## [What to produce]
Each line of the listing, apart from the pictures, is to be printed exactly.

## [Dataset excerpt]
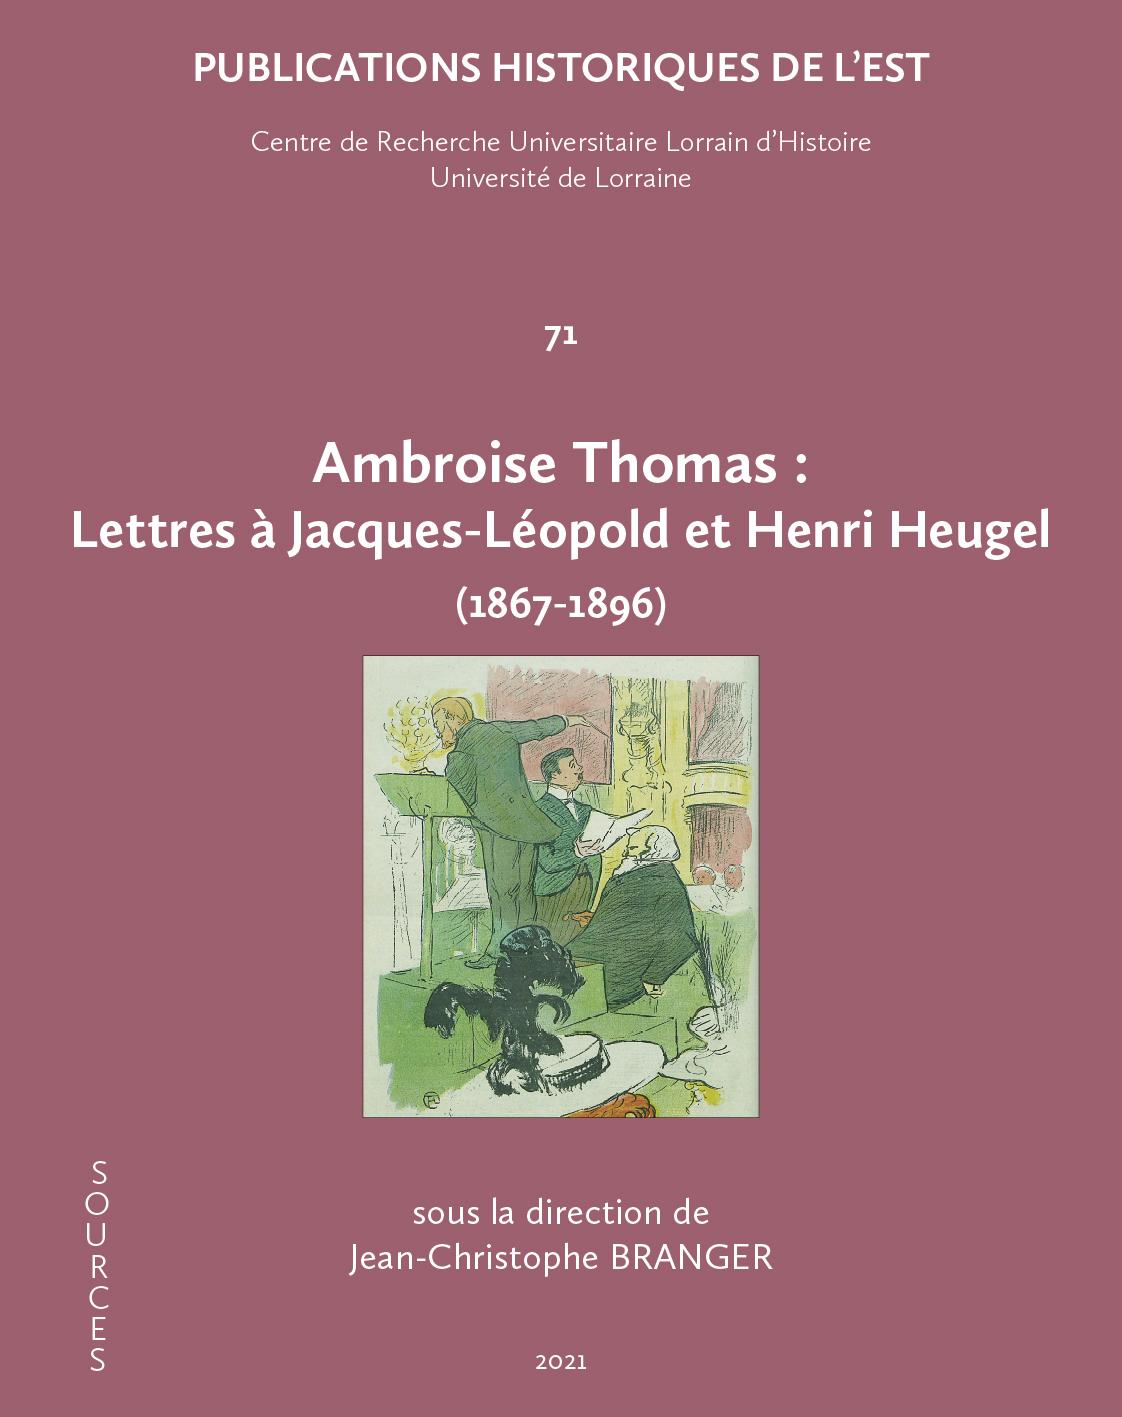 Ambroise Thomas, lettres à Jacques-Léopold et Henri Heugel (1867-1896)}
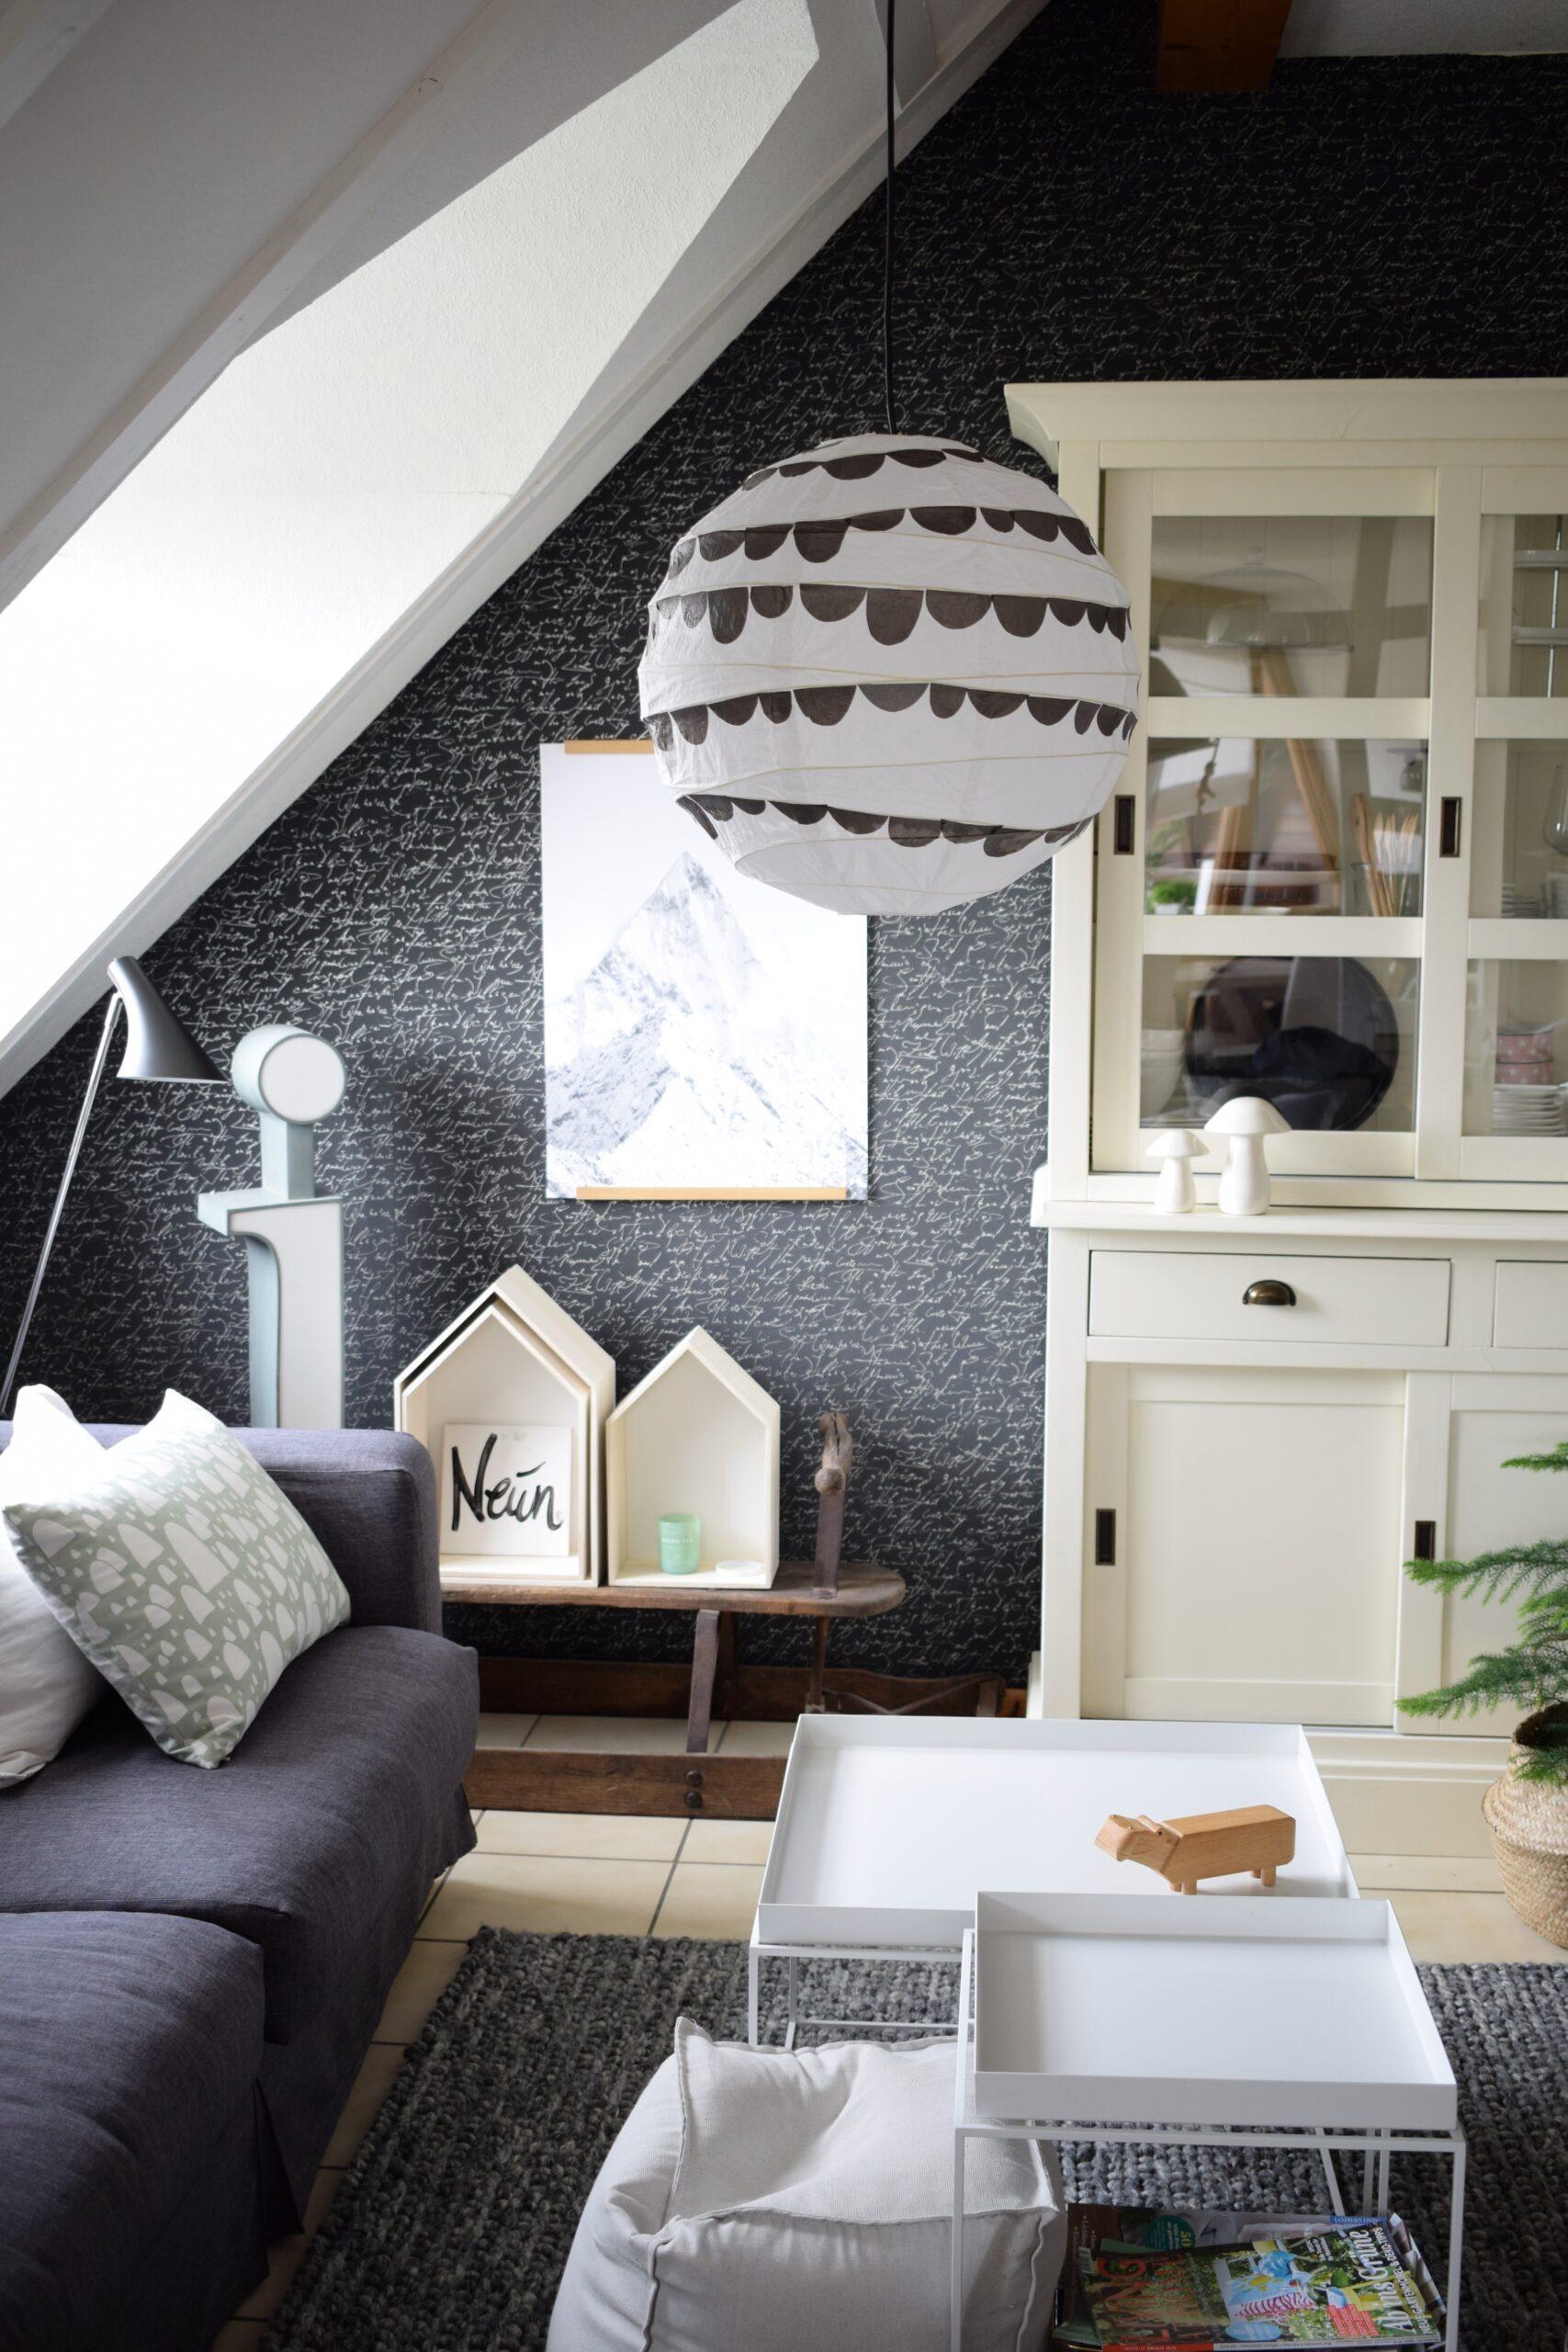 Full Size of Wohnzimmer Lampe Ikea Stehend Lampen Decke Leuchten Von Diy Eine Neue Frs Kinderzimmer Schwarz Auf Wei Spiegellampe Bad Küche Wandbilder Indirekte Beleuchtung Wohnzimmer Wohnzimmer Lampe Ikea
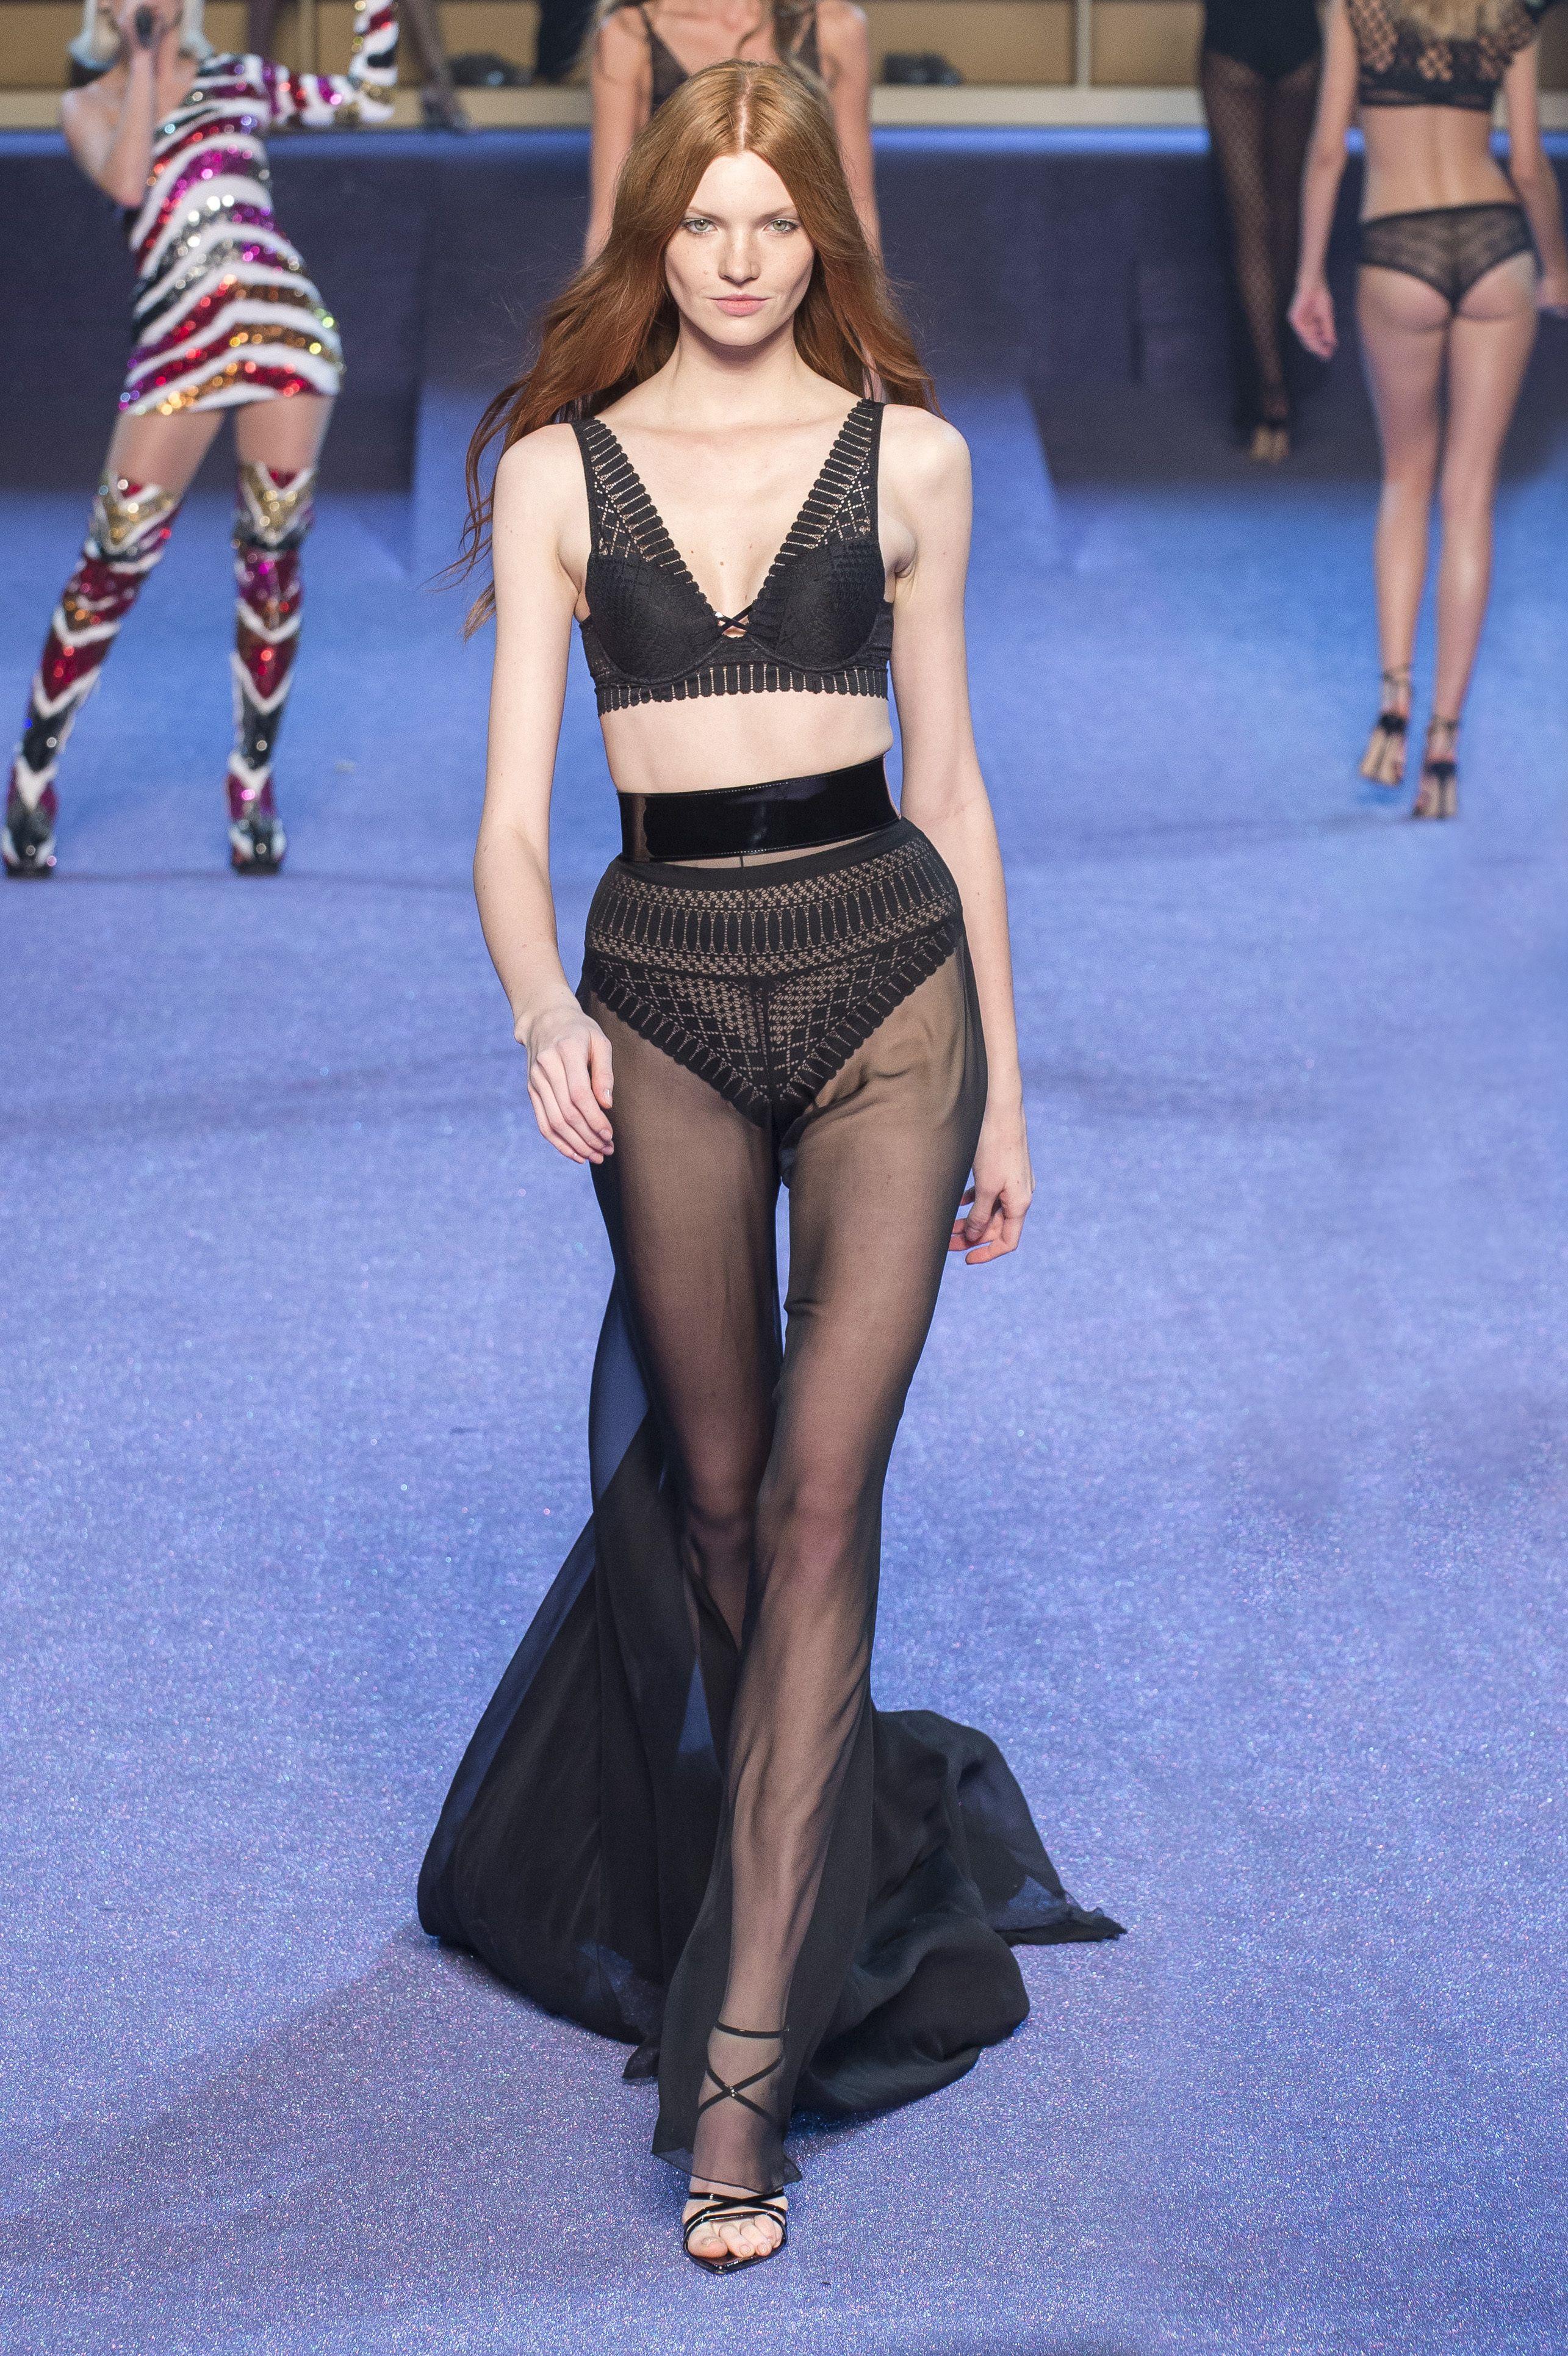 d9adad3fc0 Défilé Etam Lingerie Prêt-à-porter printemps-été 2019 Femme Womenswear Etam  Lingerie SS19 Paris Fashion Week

## [Solution to the exercise]
 Ambroise Thomas, lettres à Jacques-Léopold et Henri Heugel (1867-1896)}
 Full Size of Wohnzimmer Lampe Ikea Stehend Lampen Decke Leuchten Von Diy Eine Neue Frs Kinderzimmer Schwarz Auf Wei Spiegellampe Bad Küche Wandbilder Indirekte Beleuchtung Wohnzimmer Wohnzimmer Lampe Ikea
 d9adad3fc0 Défilé Etam Lingerie Prêt-à-porter printemps-été 2019 Femme Womenswear Etam  Lingerie SS19 Paris Fashion Week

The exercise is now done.